Types of Mutual Funds currently in the Market

Find the below detailed categorization of the Funds available in the market today.

Go through each fund and choose the best fund on the basis of the answers asked in the previous blog post How to identify best mutual fund for you

Money Market Funds:
The money market consists of safe (risk-free) short-term debt instruments, mostly government Treasury bills.
This is a safe place to park your money. You won’t get substantial returns, but you won’t have to worry about losing your principal.
A typical return is a little more than the amount you would earn in a regular checking or savings account

Income Funds:
To provide current income on a steady basis.
These funds invest primarily in government and high-quality corporate debt, holding these bonds until maturity in order to provide interest streams.
The primary objective of these funds is to provide a steady cash flow​ to investors. As such, the audience for these funds consists of conservative investors and retirees. Because they produce regular income, tax conscious investors may want to avoid these funds.

Bond Funds:
Bond funds invest and actively trade in various types of bonds.
These mutual funds are likely to pay higher returns than certificates of deposit and money market investments, but bond funds aren’t without risk.
Nearly all bond funds are subject to interest rate risk, which means that if rates go up the value of the fund goes down.

Balanced Funds:
The objective of these funds is to provide a balanced mixture of safety, income and capital appreciation.
The strategy of balanced funds is to invest in a portfolio of both fixed income and equities.
A typical balanced fund will have a weighting of 60% equity and 40% fixed income.
The weighting might also be restricted to a specified maximum or minimum for each asset class, so that if stock values increase much more than bonds, the portfolio manager will automatically rebalance the portfolio back to 60/40.

Equity Funds:
Funds that invest primarily in stocks represent the largest category of mutual funds.
Generally, the investment objective of this class of funds is long-term capital growth.
There are many different types of equity funds because there are many different types of equities like large cap, mid cap, small cap etc.
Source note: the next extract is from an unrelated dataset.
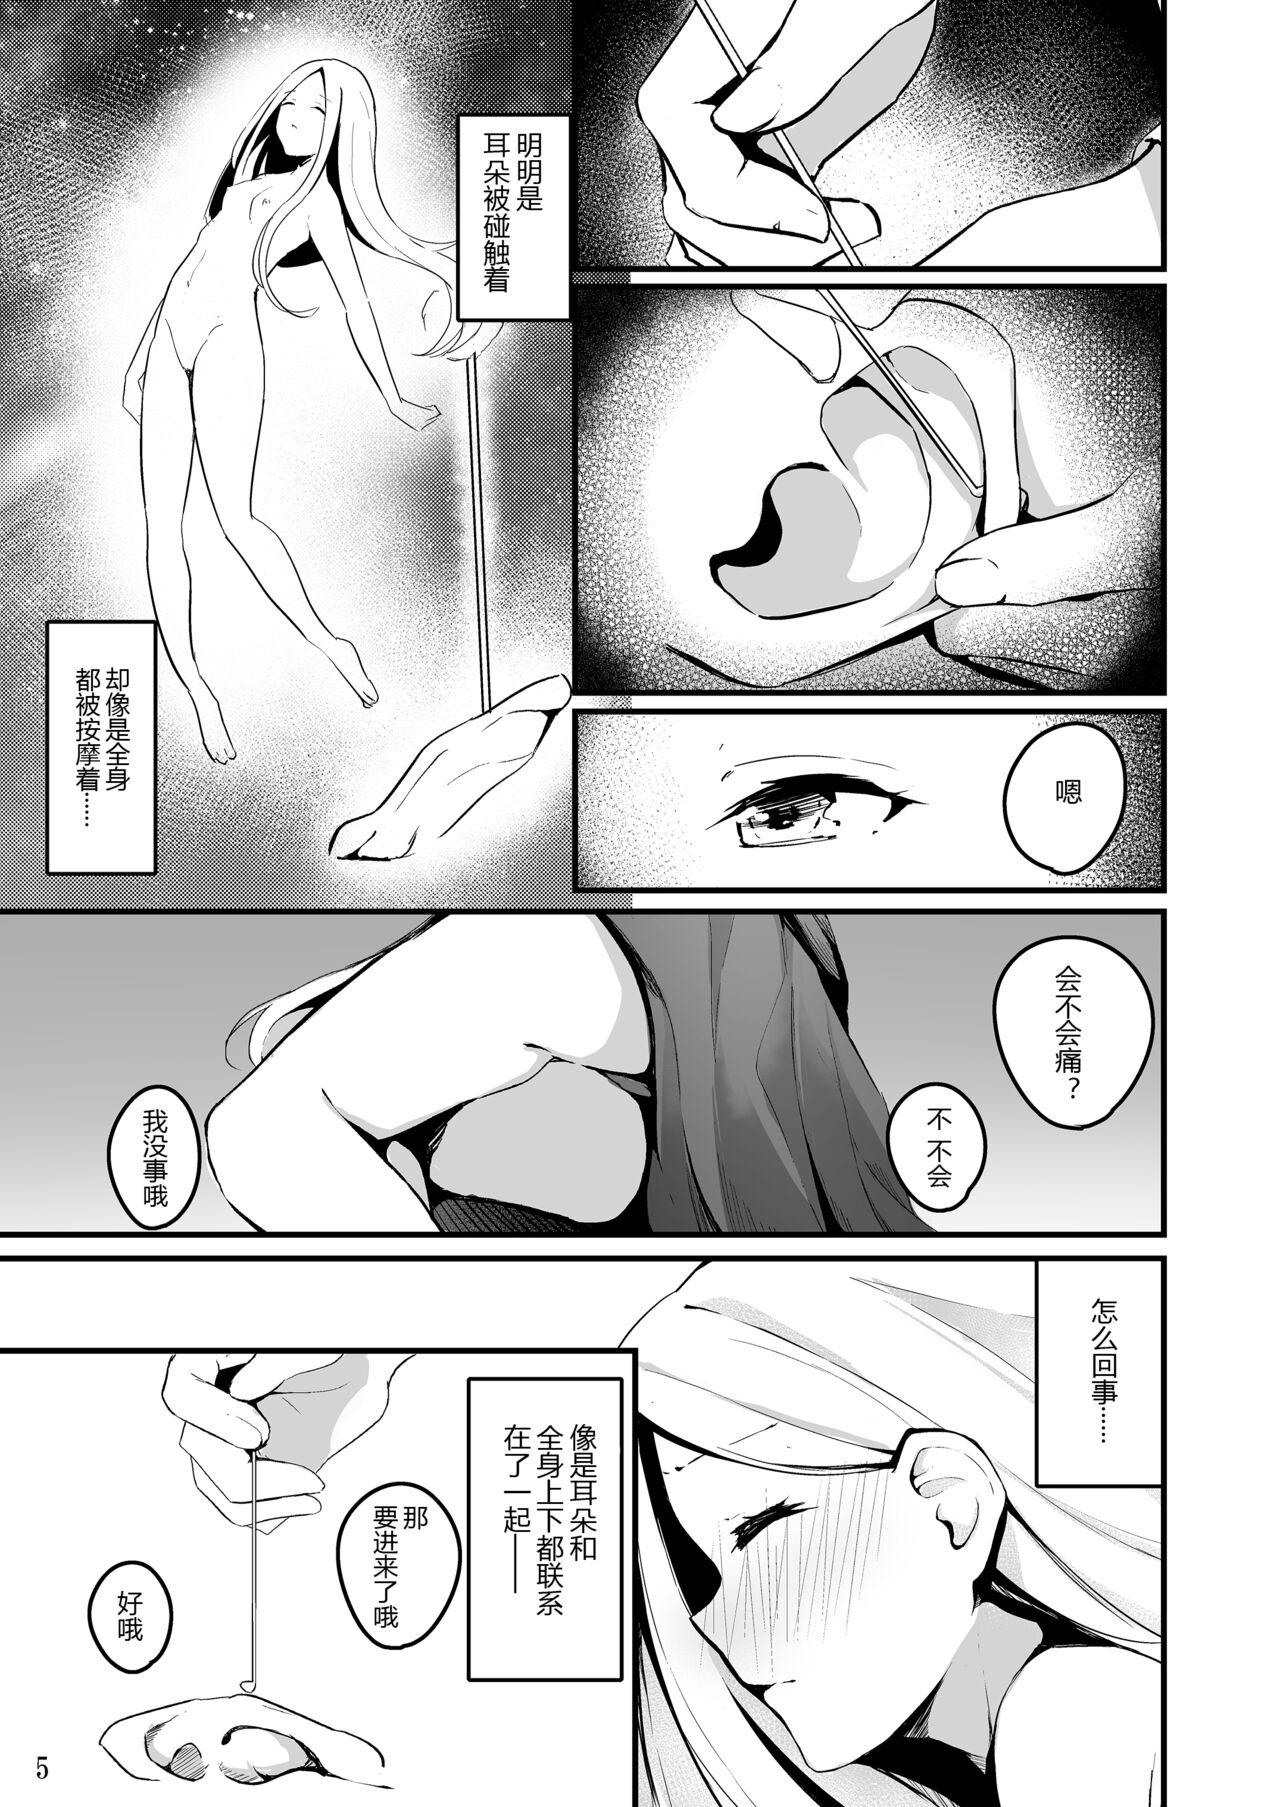 Nut Koyoi wa Tsuki o Nagamete Mimikaki demo Shite Watashi no Hiza de Nemasen ka - Fate grand order Friends - Page 9

Global/International Funds:
An international fund (or foreign fund) invests only in assets located outside your home country. Global funds, meanwhile, can invest anywhere around the world, including within your home country.
It’s tough to classify these funds as either riskier or safer than domestic investments, but they have tended to be more volatile and have unique country and political risks.
On the flip side, they can, as part of a well-balanced portfolio, actually reduce risk by increasing diversification since the returns in foreign countries may be uncorrelated with returns at home.

Index Funds:
Index funds are passively managed funds that seek to replicate the performance of a broad market index such as the S&P 500 or Dow Jones Industrial Average (DJIA).
An investor might consider an index fund if they subscribe to the logic that most active portfolio managers cannot beat the market on a regular basis.
Since an index fund merely replicates the market return it also benefits investors in the form of low fees.

Exchange Traded Funds (ETFs):
A twist on the mutual fund is the exchange traded fund, or ETF. These ever more popular investment vehicles pool investments and employ strategies consistent with mutual funds, but they are structured as investment trusts that are traded on stock exchanges, and have the added benefits of the features of stocks.
ETFs can be bought and sold at any point throughout the trading day.
ETFs can also be sold short or purchased on margin.
ETFs also typically carry lower fees than the equivalent mutual fund.
Many ETFs also benefit from active options markets where investors can hedge or leverage their positions.
ETFs also enjoy tax advantages from mutual funds. The popularity of ETFs speaks to their versatility and convenience.

Sector Funds:
These are targeted strategy funds aimed at specific sectors of the economy such as financial, technology, health, and so on.
Sector funds can therefore be extremely volatile since the stocks in a given sector tend to be highly correlated with each other. There is a greater possibility for large gains, but also a sector may collapse

So each types of funds have its own uniqueness and application, which needs to be decided by the investor before purchasing any fund.